[Opening SUPPLIED MATERIAL section]
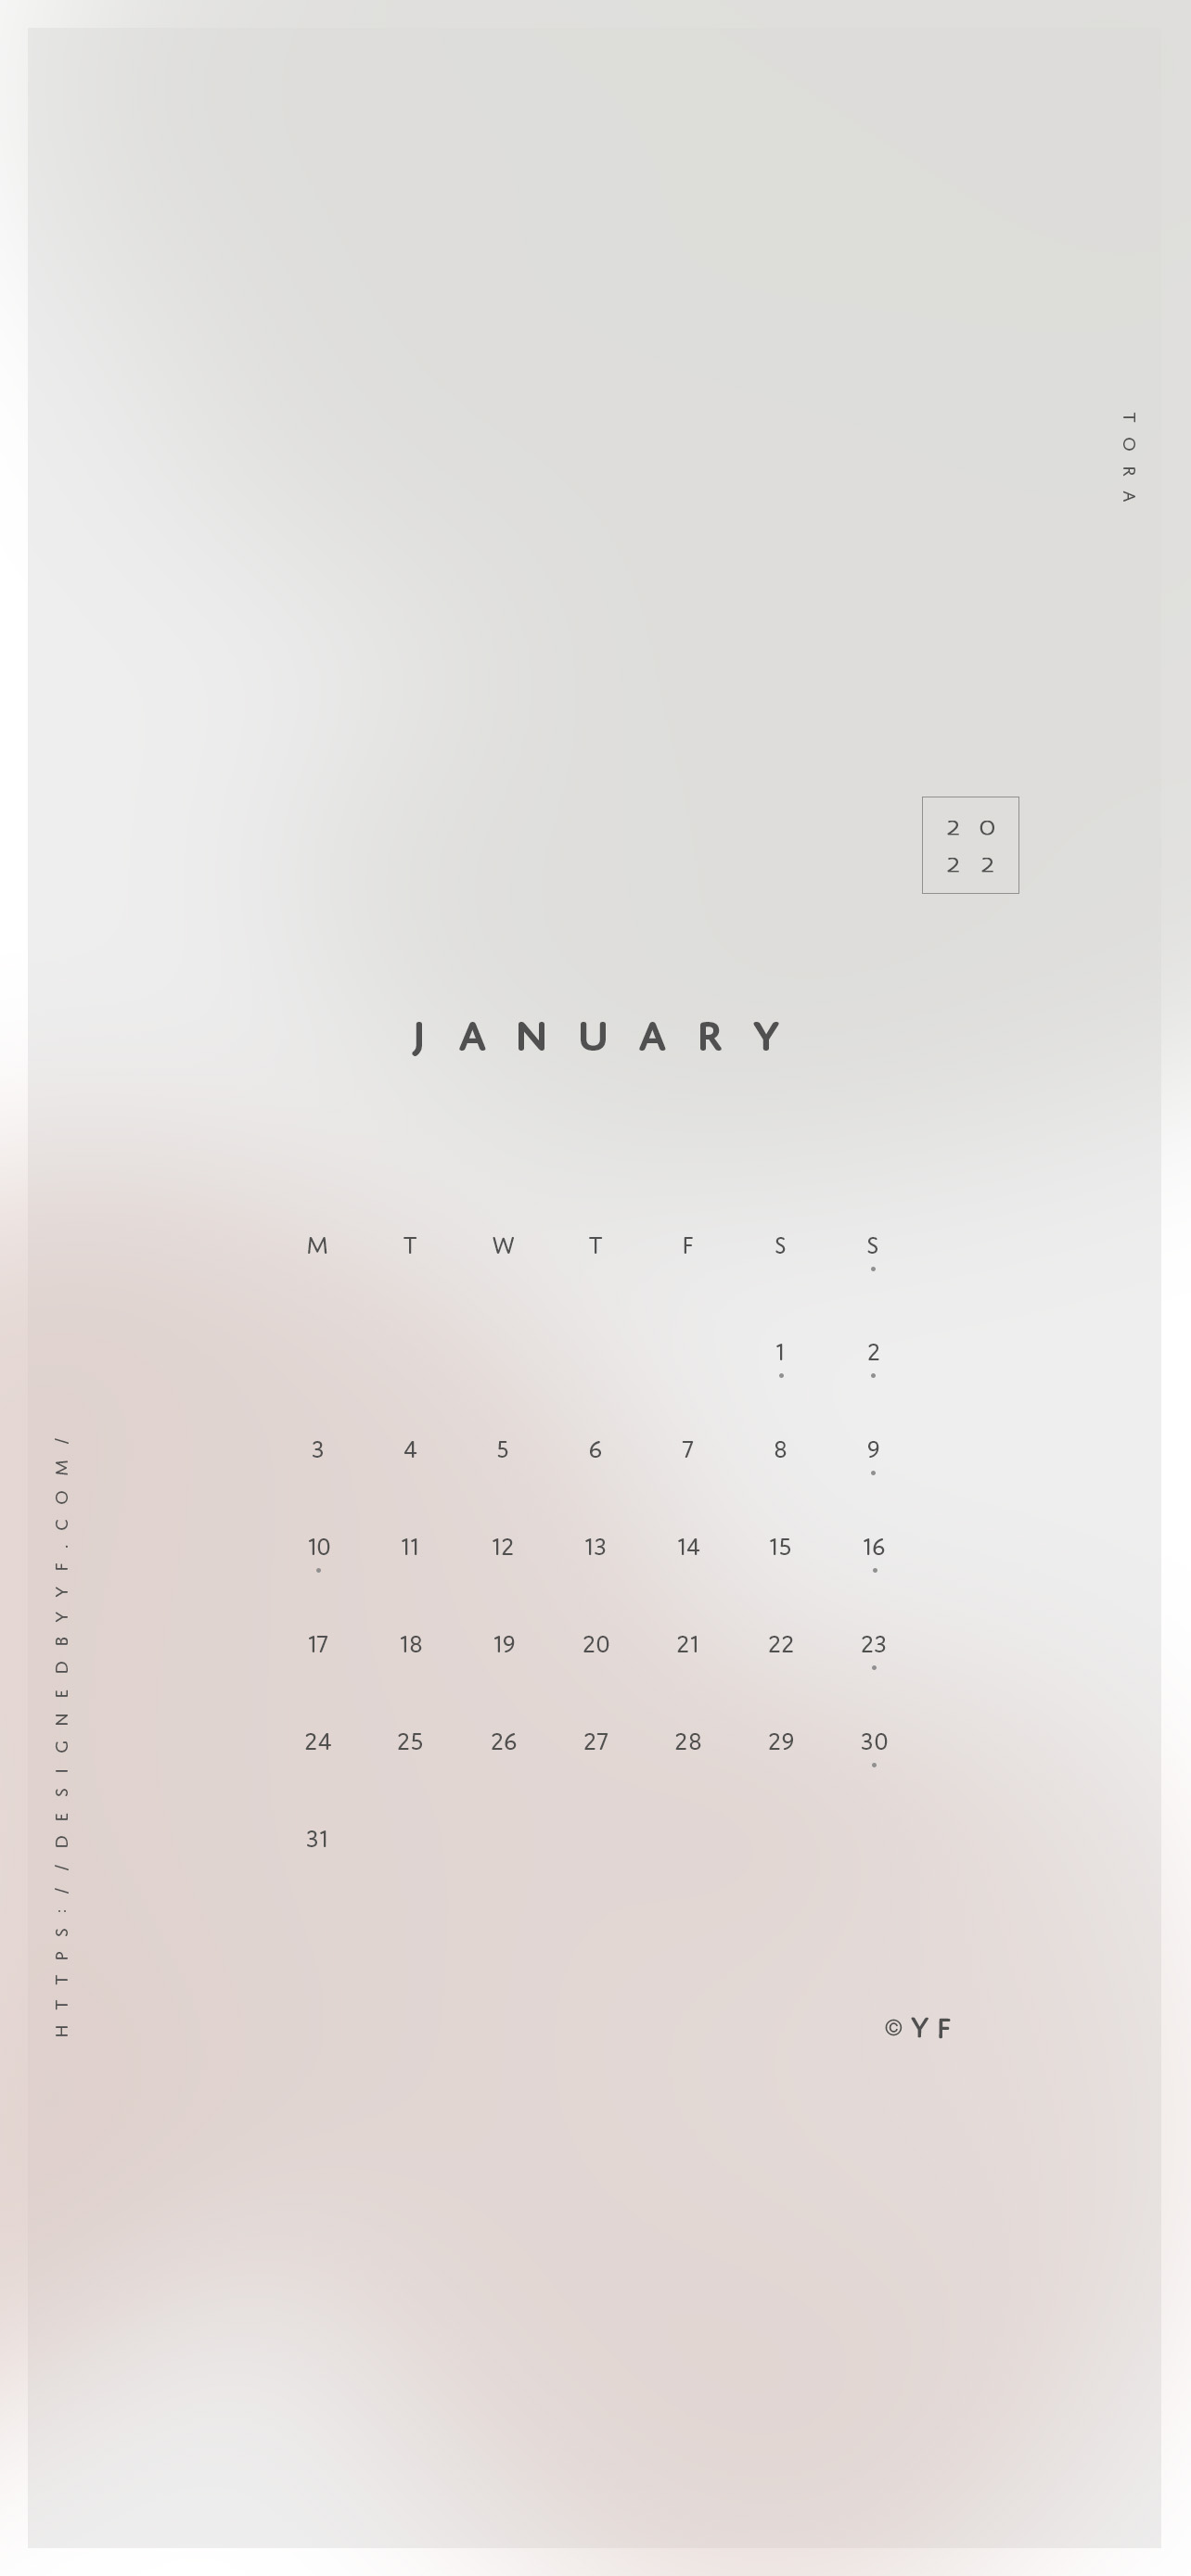 January 22 Calendar Wallpaper For The Iphone Design By Yf
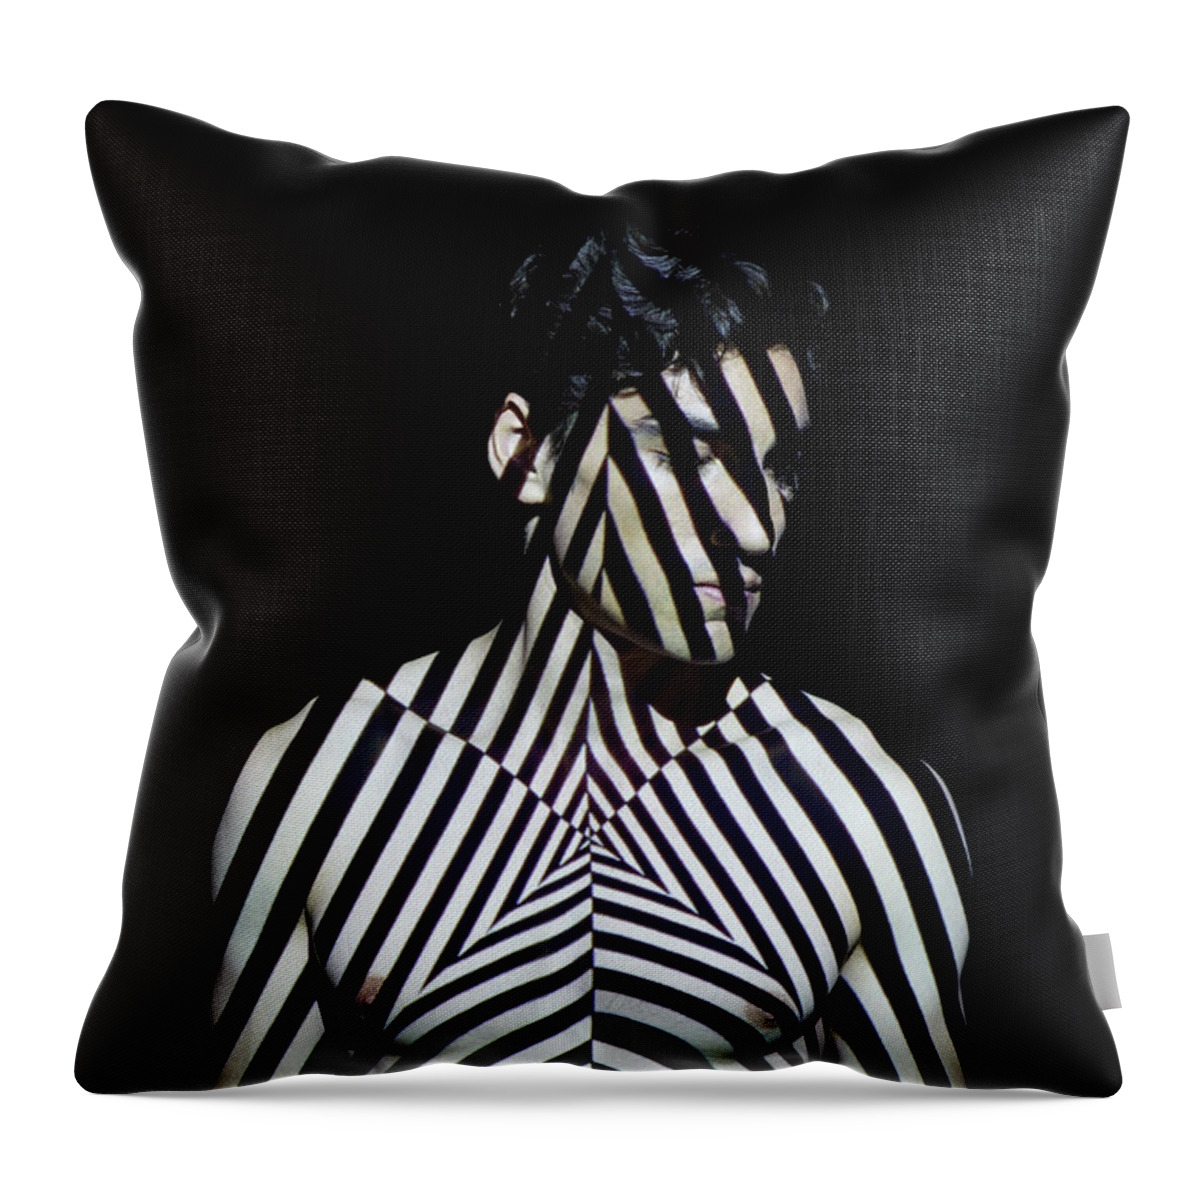 People Throw Pillow featuring the photograph Young Man Covered By Abstract Patterns by Mads Perch
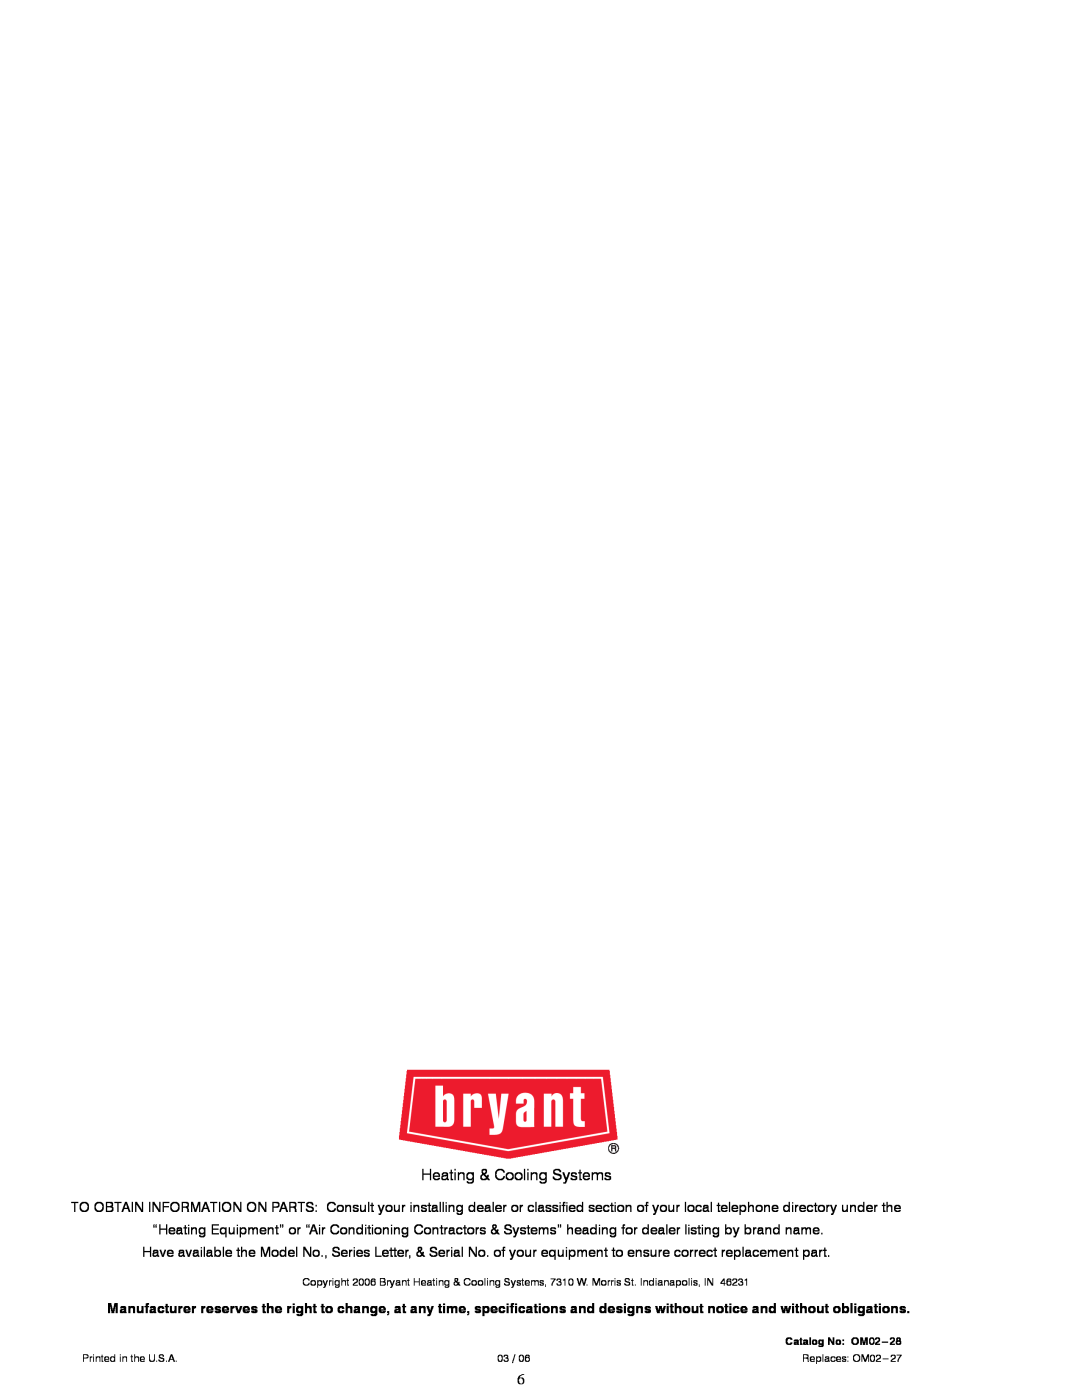 Bryant Central Air Conditioning System manual Heating & Cooling Systems, Catalog No OM02
[Closing SUPPLIED MATERIAL section]
TASK ITEM >> Once more, please print all the lines above exactly, without their pictures.

RESPONSE TO THIS EXERCISE >>
 January 22 Calendar Wallpaper For The Iphone Design By Yf
 People Throw Pillow featuring the photograph Young Man Covered By Abstract Patterns by Mads Perch
 Bryant Central Air Conditioning System manual Heating & Cooling Systems, Catalog No OM02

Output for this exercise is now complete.